On October 27, 2011, Citi Trends, Inc. (the Company) entered into a Credit Agreement among the Company, as Borrower, the Companys wholly-owned subsidiary, Citi Trends Marketing Solutions, Inc., as Guarantor, and Bank of America, N.A., as Lender (the New Credit Facility).
The five-year, $50 million New Credit Facility includes a $25 million uncommitted accordion feature that under certain circumstances could allow the Company to increase the size of the facility to $75 million. Borrowings, if any, under the New Credit Facility will bear interest (a) for LIBOR Rate Loans, at LIBOR plus 1.5%, or (b) for Base Rate Loans, at a rate equal to the highest of (i) the prime rate plus 0.5%, (ii) the Federal Funds Rate plus 1.0%, or (iii) LIBOR plus 1.5%. The New Credit Facility is secured by the Companys inventory, accounts receivable and related assets, but not its real estate, fixtures and equipment. The New Credit Facility contains one financial covenant, a fixed charge coverage ratio, which is tested only in certain circumstances.

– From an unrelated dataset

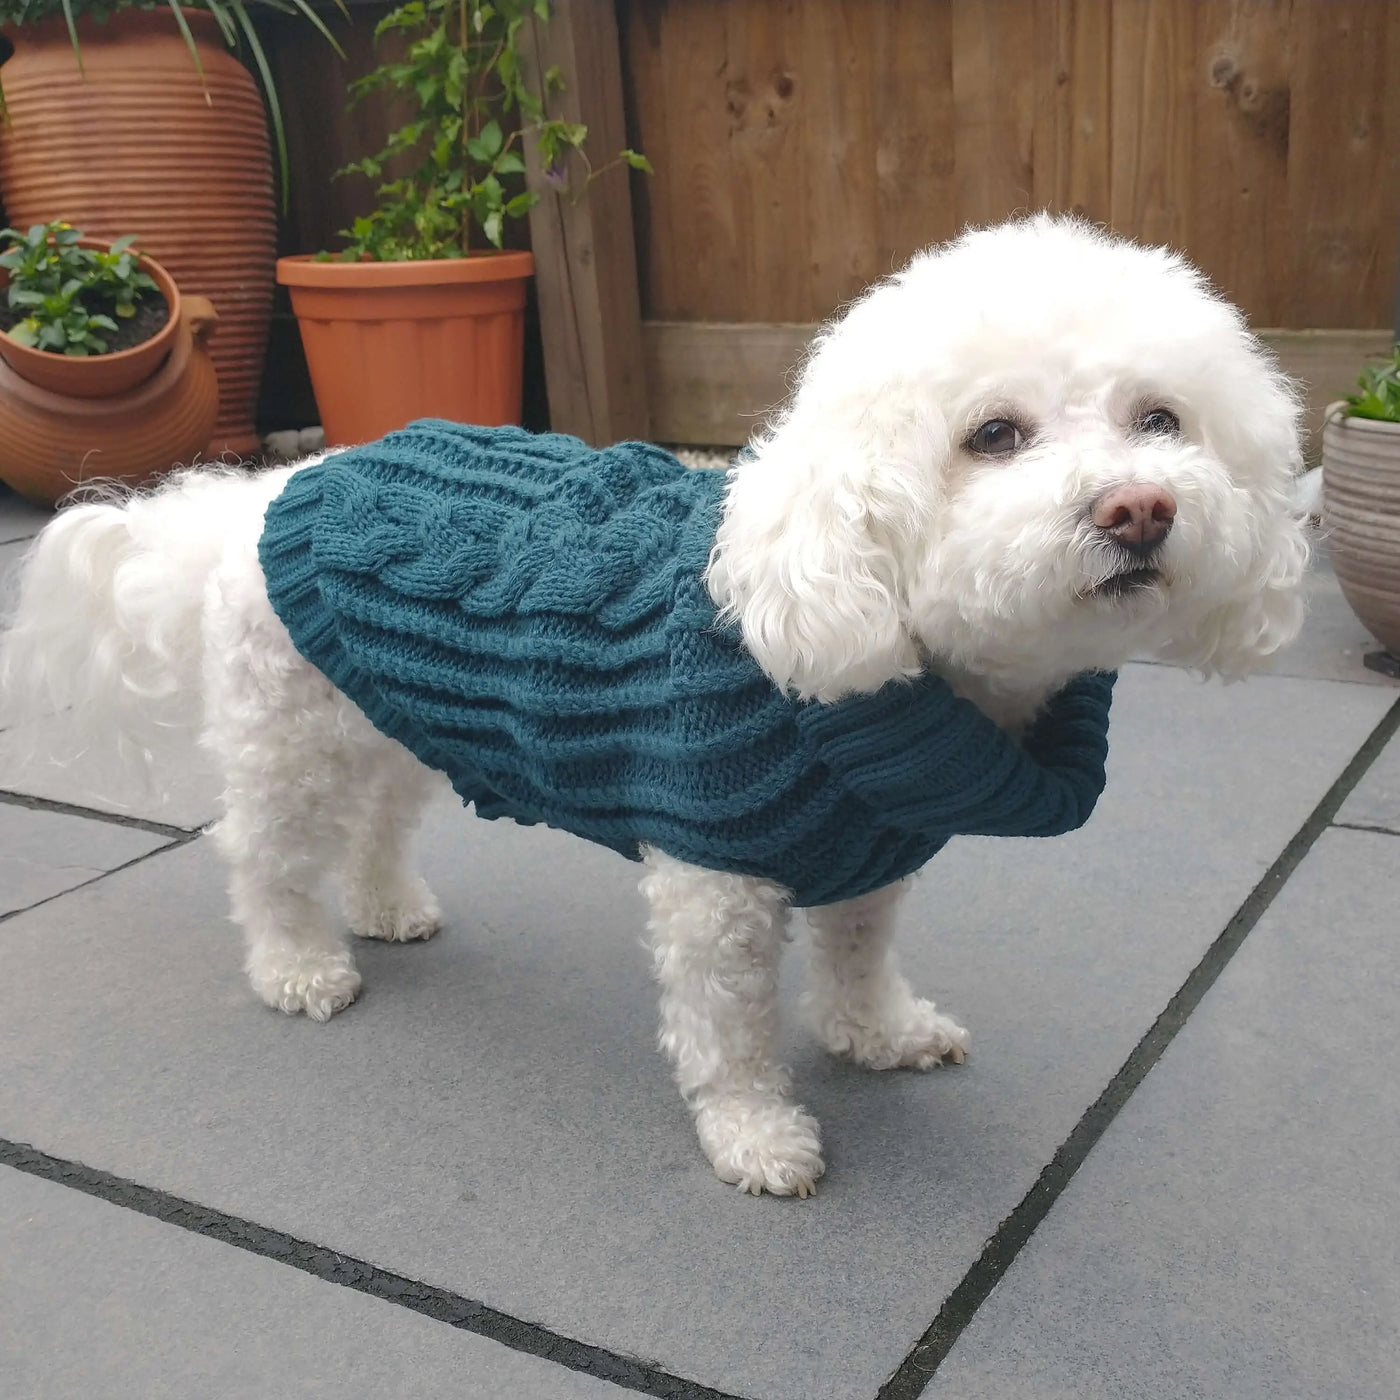 Teal Cable Knit Jumper

In conjunction with the closing of the New Credit Facility, the Company terminated its prior Credit Agreement dated March 26, 2008, among the Company, as Borrower, Citi Trends Marketing Solutions, Inc., as Guarantor, and Bank of America, N.A., as Lender (as thereafter amended, the Old Credit Facility). The $20 million Old Credit Facility was unsecured and set to expire in 2012. At the time of termination, there were no borrowings outstanding under the Old Credit Facility.
A copy of the Companys Press Release, issued November 2, 2011 (the Press Release), announcing the New Credit Facility is attached to this Current Report on Form 8-K (Current Report) as Exhibit 99.1. The content of Exhibit 99.1 is incorporated herein solely for purposes of this Item 1.01 disclosure.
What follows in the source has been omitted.